- Open Access
Logistic Bayesian LASSO for detecting association combining family and case-control data
© The Author(s). 2018
- Published: 17 September 2018
Because of the limited information from the GAW20 samples when only case-control or trio data are considered, we propose eLBL, an extension of the Logistic Bayesian LASSO (least absolute shrinkage and selection operator) methodology so that both types of data can be analyzed jointly in the hope of obtaining an increased statistical power, especially for detecting association between rare haplotypes and complex diseases. The methodology is further extended to account for familial correlation among the case-control individuals and the trios. A 2-step analysis strategy was taken to first perform a genome-wise single single-nucleotide polymorphism (SNP) search using the Monte Carlo pedigree disequilibrium test (MCPDT) to determine interesting regions for the Adult Treatment Panel (ATP) binary trait. Then eLBL was applied to haplotype blocks covering the flagged SNPs in Step 1. Several significantly associated haplotypes were identified; most are in blocks contained in protein coding genes that appear to be relevant for metabolic syndrome. The results are further substantiated with a Type I error study and by an additional analysis using the triglyceride measurements directly as a quantitative trait.
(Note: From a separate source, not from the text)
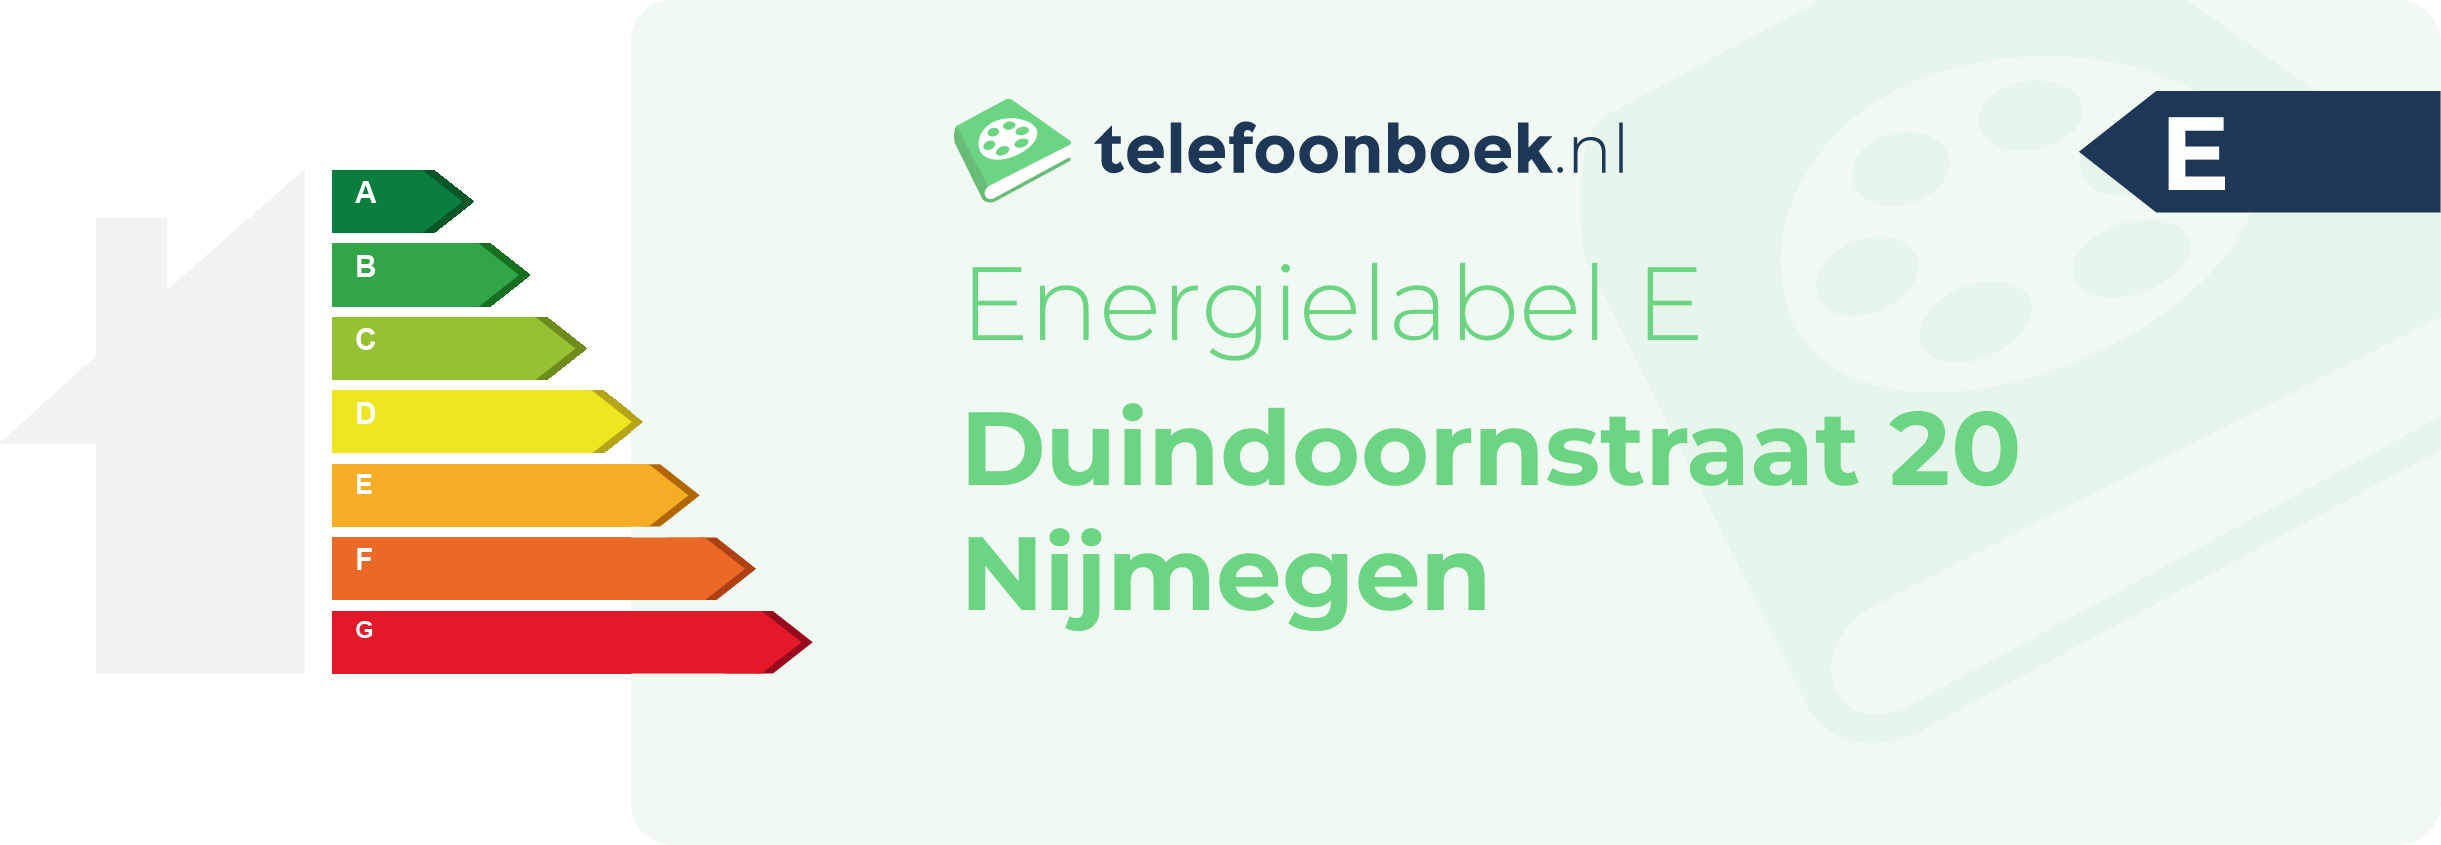 Energielabel Duindoornstraat 20 Nijmegen

As next-generation sequencing (NGS) technology becomes more accurate and affordable, many recent studies have focused on assessing associations between common complex diseases and single-nucleotide variants (SNVs), paying particular attentions to those that are rare. Various methods have been proposed, but most can only achieve the identification of candidate genes or regions. To narrow the list of potential causal variants, it would be helpful to investigate haplotype blocks formed by single-nucleotide polymorphisms (SNPs) in regions/genes where associations are suggested but may not necessarily be genome-wide significant. Apart from being able to identify biologically relevant variants, haplotype-based methods can be more powerful than SNV-based methods as multilocus genotypes contain more information than single-locus genotypes, especially when causal loci interact in cis, leading to disease etiology . If there are rare causal SNVs in a haplotype block, then rare haplotypes can tag such causal variants, a conclusion based on a simulation study . More importantly, rare haplotypes may be obtained from common SNPs, rendering NGS data unnecessary. The power for detecting rare haplotype associations is further enhanced in a family-based study, as rare associated variants are enriched in families afflicted with the diseases compared to population samples of independent cases and controls of the same size. Currently, numerous methods exist, including a class based on Logistic Bayesian LASSO (LBL) for detecting associations of haplotypes, common or rare, using either case control or family-based data [1, 3].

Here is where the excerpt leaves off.